Atchison does not dispute the victim-impact testimony offered by the victim’s mother in this case. However, Atchison does contend that the trial court erred in allowing the State to introduce evidence concerning the March 11, 1998, allegation of sexual abuse. In support of this point, he argues that the record reflects that the trial court considered this evidence in making its sentencing decision..
In the present case, the circuit judge did state that he relied on the presentence report in departing from the sentencing standards grid under Ark. Code Ann. § 16-90-803 (1987). In regard to the presentence report, the circuit judge made the following remarks:
I see what the grid shows that [sic] the presumptive sentence to be, but because of the details listed in the pre-sentence report, which I have gone over rather carefully, both before the hearing started this morning and since that time, it will be the judgment and sentence of the Court that on Count I, the arson charge, the defendant is ordered to serve a term of five years in the Arkansas Department of Correction. On Count II, the sexual abuse charge, he is sentenced to serve a term of ten years in the Arkansas Department of Correction and those terms will be served consecutively one to the other.
Here, the trial court announced that it relied on the presentence report, without objection from appellant. Further, appellant has not abstracted the presentence report in the record on appeal. It is a fundamental rule that arguments will not be considered where the supporting testimony or evidence has not been abstracted. Hill v. State, 337 Ark. 219, 988 S.W.2d 487 (1999). Information necessary for a proper understanding of the questions presented to the court must be contained within the abstract. Id. It is the appellant’s burden to produce a record sufficient to demonstrate error, and the record on appeal is confined to that which is abstracted. Martin v. State, 337 Ark. 451, 989 S.W.2d 908 (1999).

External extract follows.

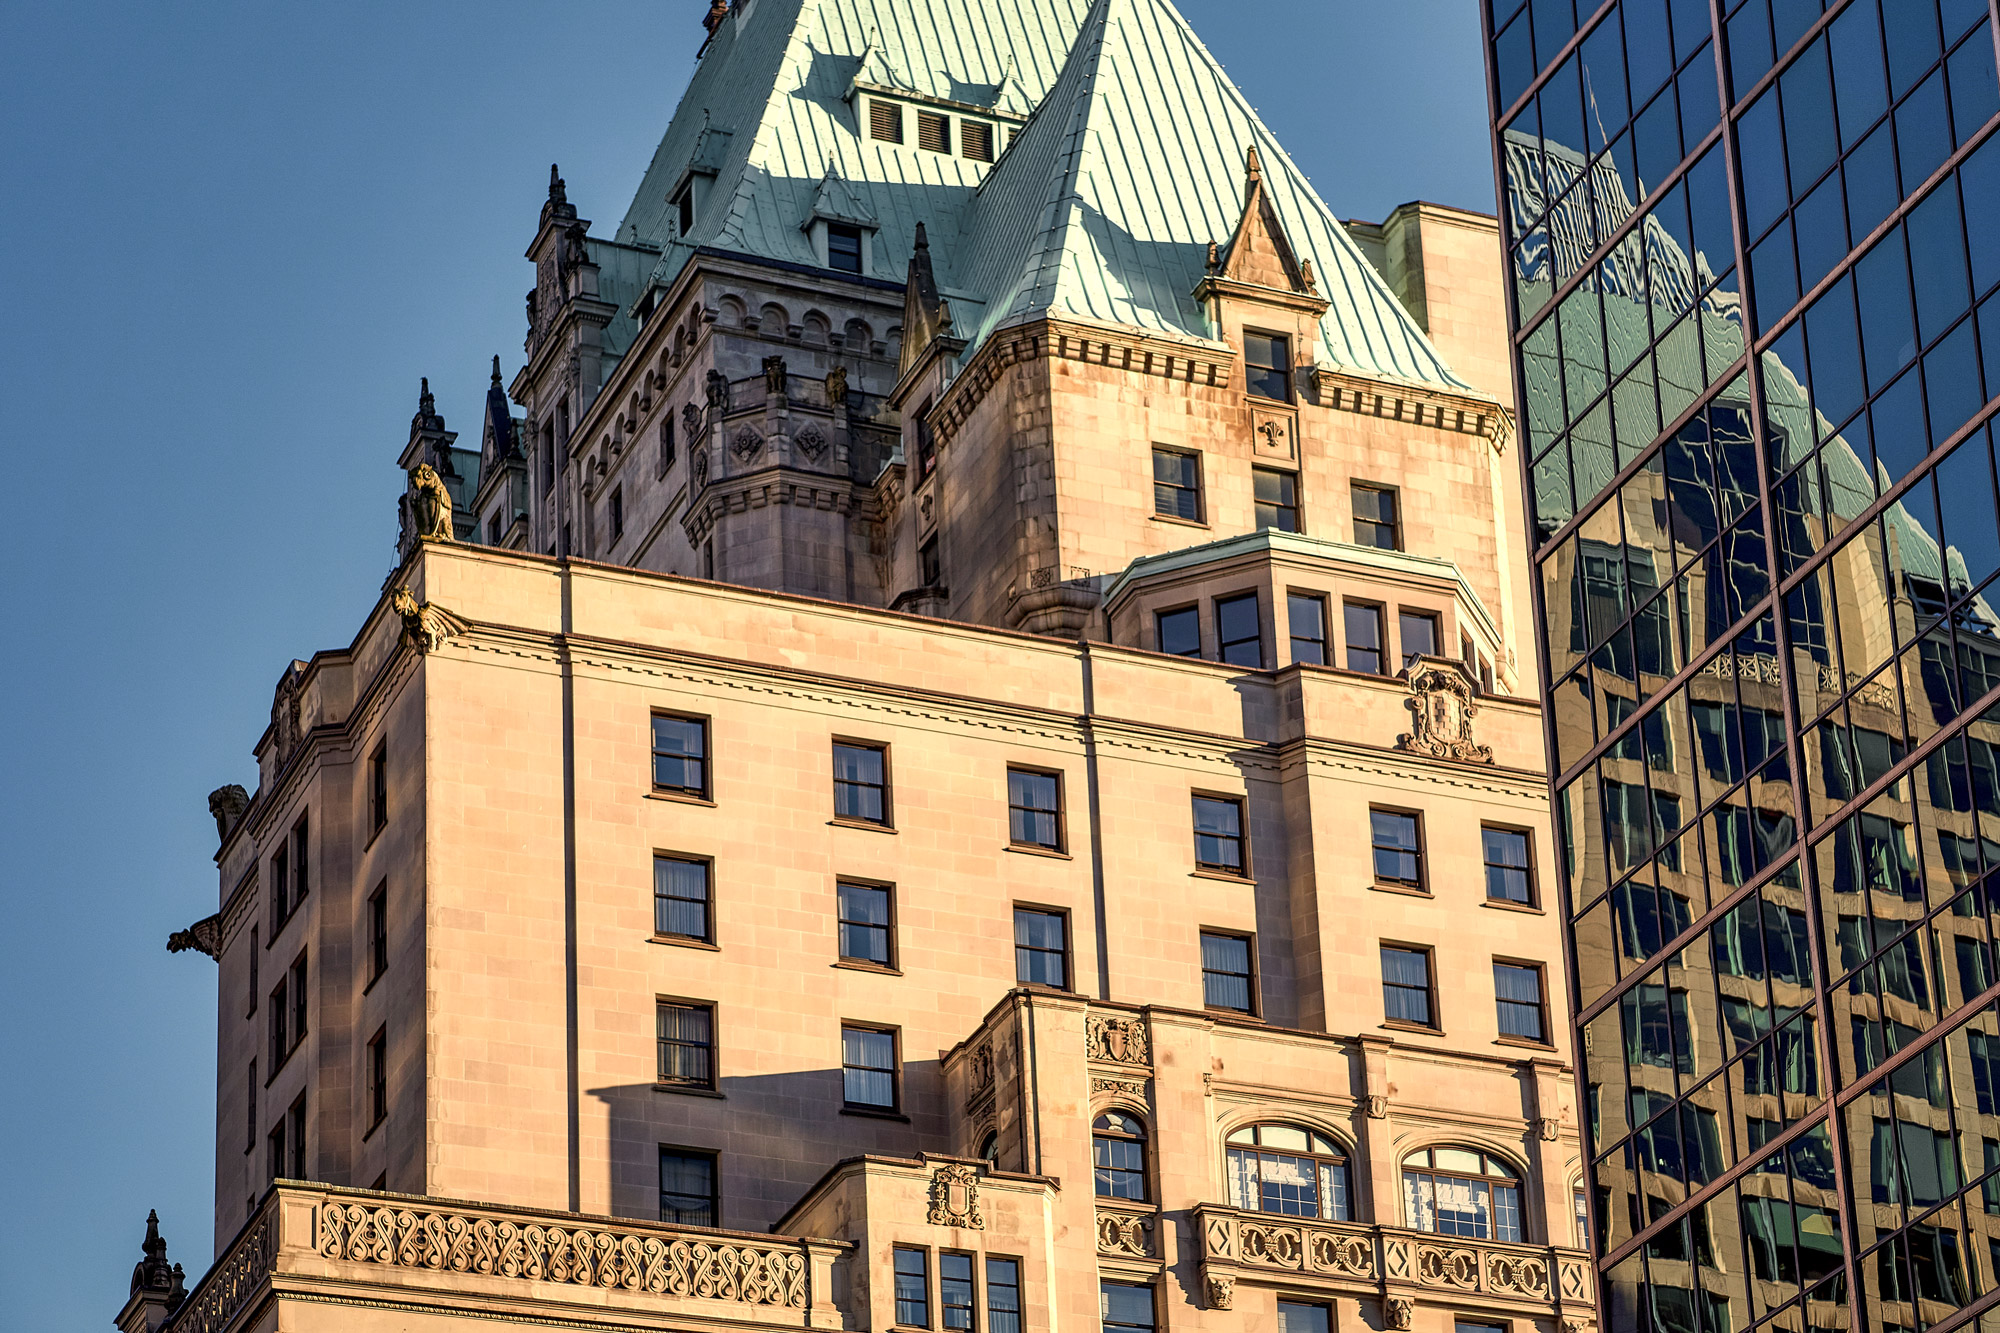 Closeup of the Fairmont Hotel, Vancouver, with its green copper roof

Because the presentence report provides the basis for appellant’s contention that his sentence was “at least in part” based upon the additional sexual-abuse allegation against him, we cannot say that the trial court committed error in sentencing appellant.
Affirmed.
The dissent cites Walls v. State, 336 Ark. 490, 986 S.W.2d 397 (1999), as the controlling authority in this case. However, we distinguish the present case from Walls. In Walls, the supreme court reversed and held that the circuit judge abused his discretion “when he allowed testimony about the Stocks murders in as victim-impact evidence and when he held Walls responsible for those murders in fixing his sentence.” Id. at 501, 986 S.W.2d at 403 (emphasis added). In the present case, however, Atchison has failed to abstract the presentencing report, which he contends the trial court considered in determining his sentence. The record on appeal is limited to what is abstracted. K.M. v. State, 335 Ark. 85, 983 S.W.2d 93 (1998).